ROS is active chemically and participates in redox signaling to regulate cellular processes [30,31,32]. However, ROS can attack protein, lipids and DNA, causing damage to cellular structure and function. Under the physiological conditions, mitochondrial respiratory chain is the main source of ROS and there is a balance between ROS production and ROS scavenging systems in cell [31]. In the current research, the analysis of DEGs revealed that the anti-oxidative stress related genes were significantly down-regulated in the oocytes of old mice, including Erbb3, Rcan1, Gsto2 and Msrb1. Our data indicated that the antioxidant capacity of oocytes from old mice is attenuated, which might lead to the accumulation of ROS and disorder of cellular process. The high level of ROS in human follicular fluid was related to poorer developmental potentiality of oocytes [33], while adding antioxidants to in vitro culture environment of porcine oocytes improved the oocyte quality and blastocyst formation rate dramatically [34].

In this study, we found the genes involved in oxidative phosphorylation pathway were significant down-regulated in the GV stage oocytes from 32-week-old mice compared with those from 5-week-old ones. Especially, most of these DEGs were located in mtDNA and participated in the encoding of mitochondrially encoded NADH dehydrogenase, the key protein subunits of complex I, including mt-Nd2, mt-Nd3, mt-Nd4, mt-Nd4L and mt-Nd5. Our results indicated that the function of oxidative phosphorylation and mitochondrial respiratory chain would be disturbed in the progression of oocyte aging. Interestingly, the mitochondrially encoded subunits involved in respiratory chain might be affected more significantly and earlier, as mitochondrial DNA lack the protection of histones and effective DNA repair system [35, 36]. Besides, working as the main source of ROS, mitochondrial DNA will face more attack from oxidative stress [35, 36]. As the main entrance for electrons to the respiratory chain, the dysfunction of complex I will lead to the disorder of mitochondrial respiratory chain and decreasing ATP production, causing variable clinical manifestations [24, 25, 37]. Our analysis indicated that aging would adversely affect mitochondrial respiratory chain in oocytes, especially the mitochondrially encoded subunits in complex I.

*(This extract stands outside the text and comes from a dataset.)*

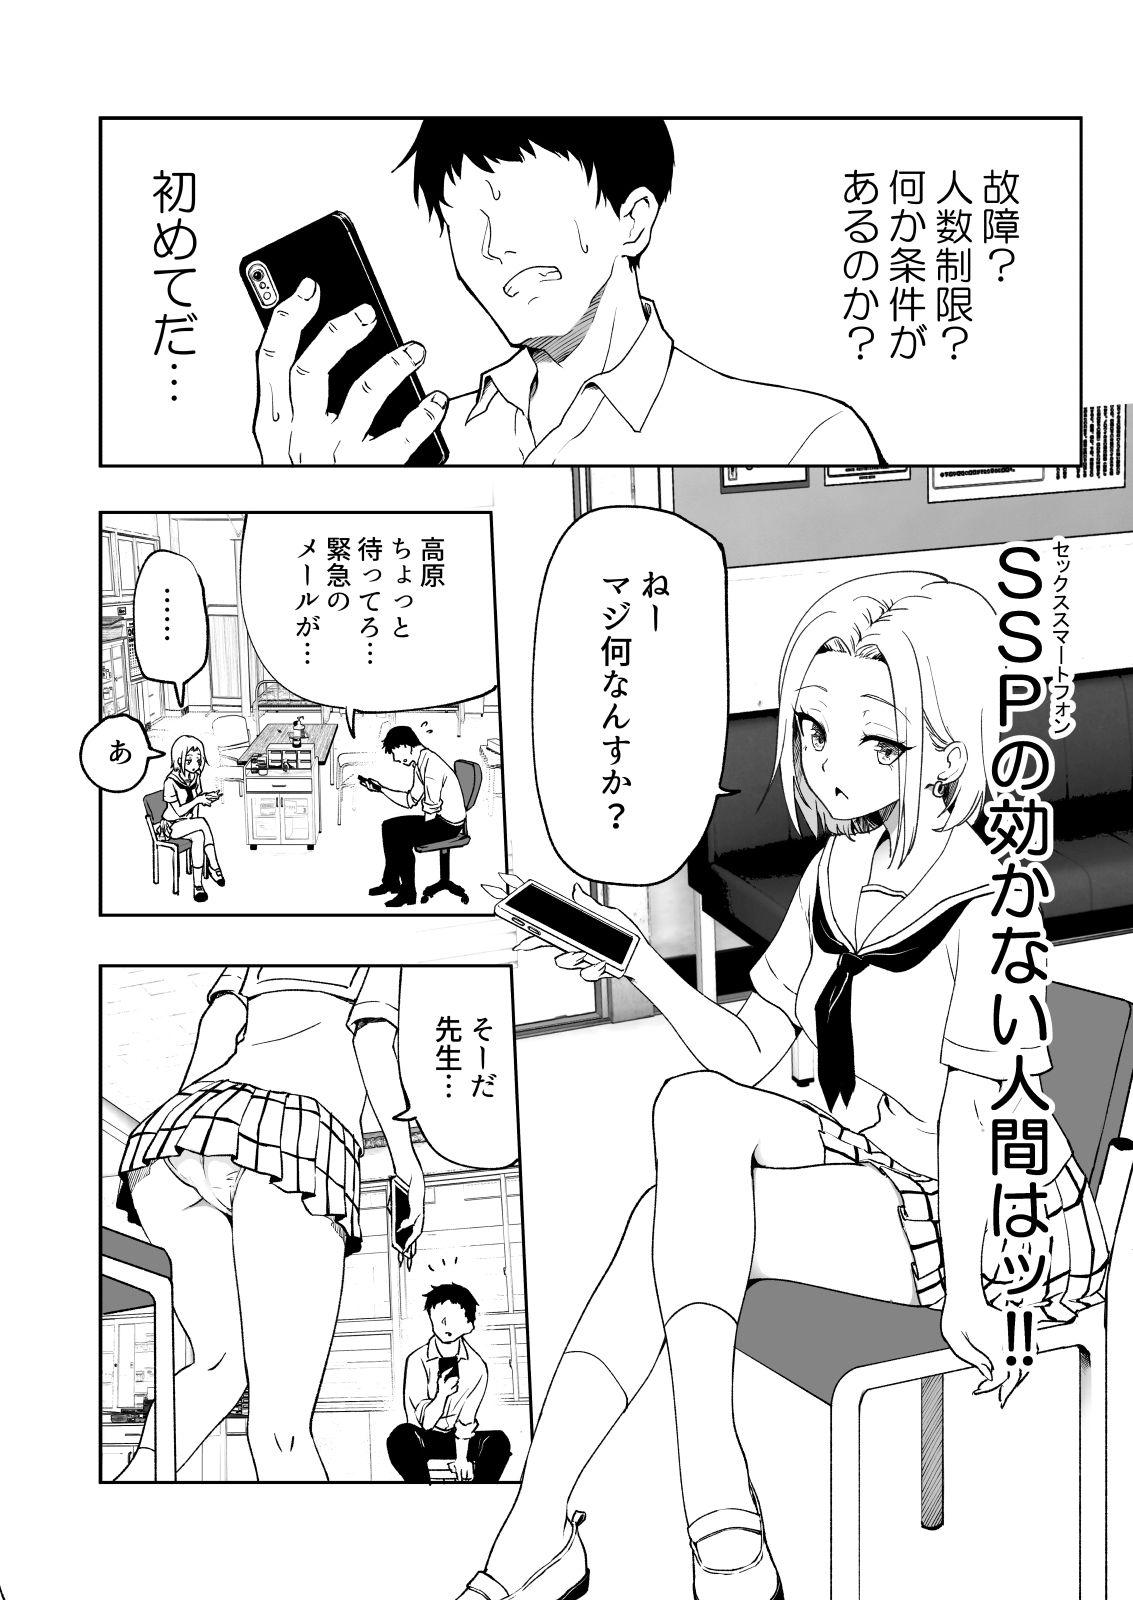 【エロ漫画無料大全集】セックスがしたい! 美少女を犯しまくりたい!! そんな男の欲望を叶えたのは、女の子の心と身体を好き放題に操れるスマホアプリだった!?

The limiting aspect of our study was the number of oocytes analyzed. In addition, the transcriptome of mice is still different from that of human. A well-designed investigation with large sample size will be needed to test our hypothesis even further.

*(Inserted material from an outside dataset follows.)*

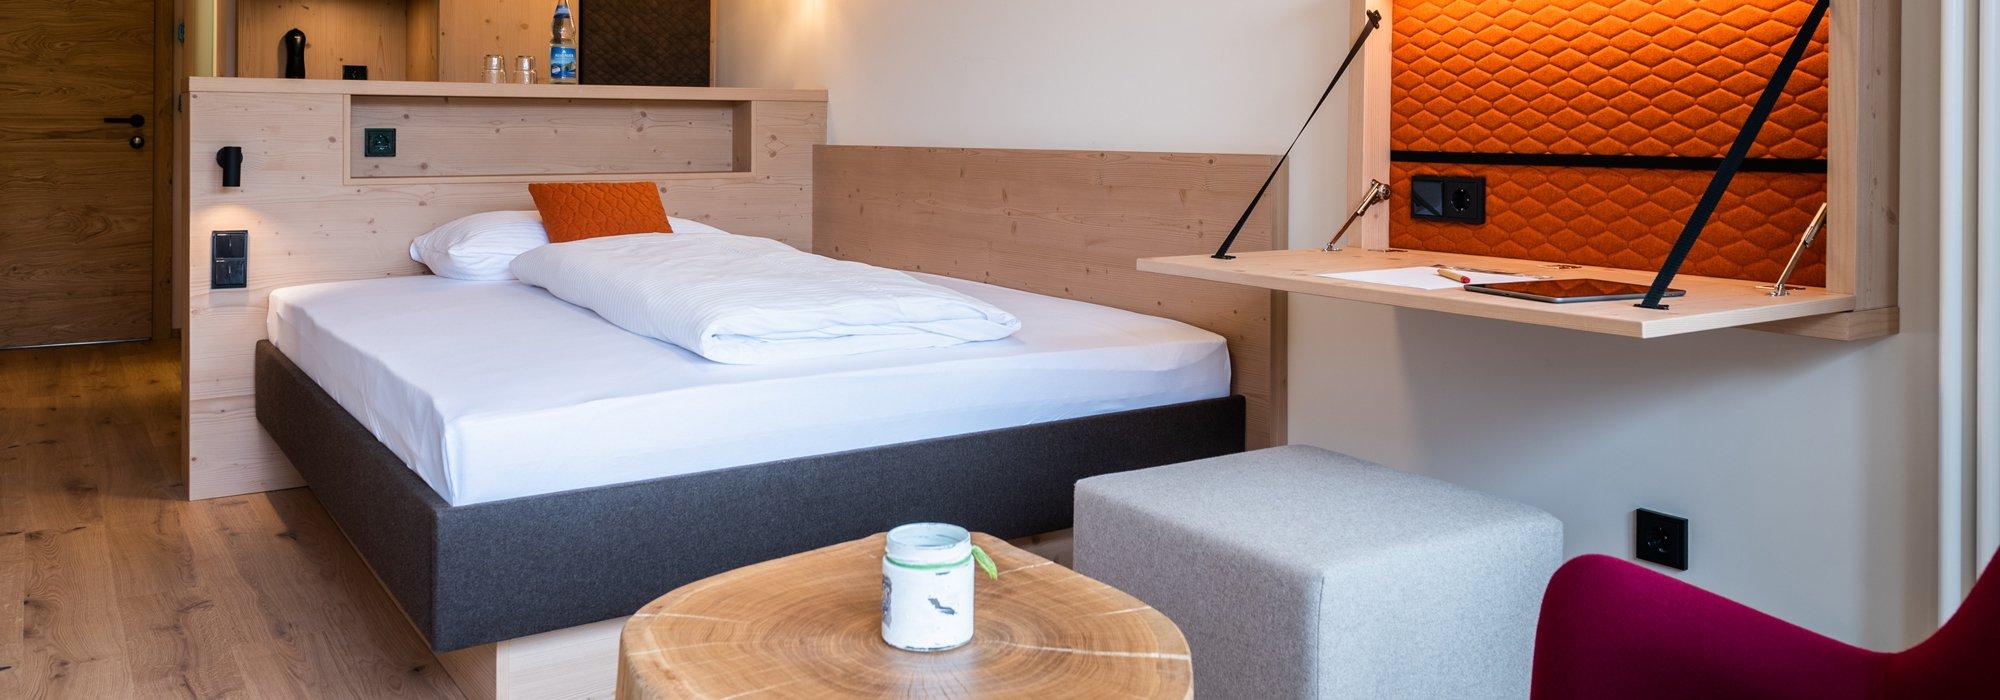 Ganz für sich zur Ruhe. Komfort-Einzelzimmer im Biohotel mit Südbalkon

To be concluded, with the application of scRNA-seq, this study revealed that the dysfunction of mitochondrial respiratory chain, endoplasmic reticulum stress and reduced antioxidant capacity might all be involved in the progression of oocyte aging. Especially, the disorder of mitochondrial DNA-encoded subunits of respiratory chain complexes might play a central role in this process.